(Source data)
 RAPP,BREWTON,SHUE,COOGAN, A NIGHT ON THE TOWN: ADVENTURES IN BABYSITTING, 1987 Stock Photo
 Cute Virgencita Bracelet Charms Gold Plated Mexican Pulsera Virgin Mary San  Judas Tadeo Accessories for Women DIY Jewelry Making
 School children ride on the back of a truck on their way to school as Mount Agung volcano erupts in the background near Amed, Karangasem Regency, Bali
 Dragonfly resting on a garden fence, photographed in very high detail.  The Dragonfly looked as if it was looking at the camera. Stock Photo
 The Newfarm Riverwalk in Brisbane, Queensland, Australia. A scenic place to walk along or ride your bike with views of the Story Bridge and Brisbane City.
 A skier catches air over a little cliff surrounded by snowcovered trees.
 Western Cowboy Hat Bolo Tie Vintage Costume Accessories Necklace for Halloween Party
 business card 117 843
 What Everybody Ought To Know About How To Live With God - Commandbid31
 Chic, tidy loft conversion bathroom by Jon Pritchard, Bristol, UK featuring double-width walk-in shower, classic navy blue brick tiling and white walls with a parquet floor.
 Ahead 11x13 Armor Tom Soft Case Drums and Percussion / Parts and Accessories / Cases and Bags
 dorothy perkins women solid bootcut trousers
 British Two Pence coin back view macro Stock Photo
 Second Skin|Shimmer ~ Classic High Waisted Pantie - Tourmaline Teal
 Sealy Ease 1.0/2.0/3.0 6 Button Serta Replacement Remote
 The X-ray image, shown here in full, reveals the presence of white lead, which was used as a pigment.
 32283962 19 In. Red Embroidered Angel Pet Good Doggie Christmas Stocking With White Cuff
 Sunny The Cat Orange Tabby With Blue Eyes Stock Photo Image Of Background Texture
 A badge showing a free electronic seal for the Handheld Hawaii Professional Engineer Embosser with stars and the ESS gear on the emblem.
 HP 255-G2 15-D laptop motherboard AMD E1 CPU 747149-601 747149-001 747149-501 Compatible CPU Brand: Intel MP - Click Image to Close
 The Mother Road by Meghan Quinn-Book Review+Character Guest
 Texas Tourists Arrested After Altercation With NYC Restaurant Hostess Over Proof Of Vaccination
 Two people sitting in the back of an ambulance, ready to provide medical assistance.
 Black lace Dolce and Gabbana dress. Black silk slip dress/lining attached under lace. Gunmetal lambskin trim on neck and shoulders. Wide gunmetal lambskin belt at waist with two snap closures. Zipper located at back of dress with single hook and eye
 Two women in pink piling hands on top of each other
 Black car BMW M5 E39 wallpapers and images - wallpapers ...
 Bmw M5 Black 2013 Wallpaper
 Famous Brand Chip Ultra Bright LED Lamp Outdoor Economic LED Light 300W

= EXERCISE AIM =
Count how many lines in the entries contain "Brand", then state that number alone.

= RESPONSE AREA =
2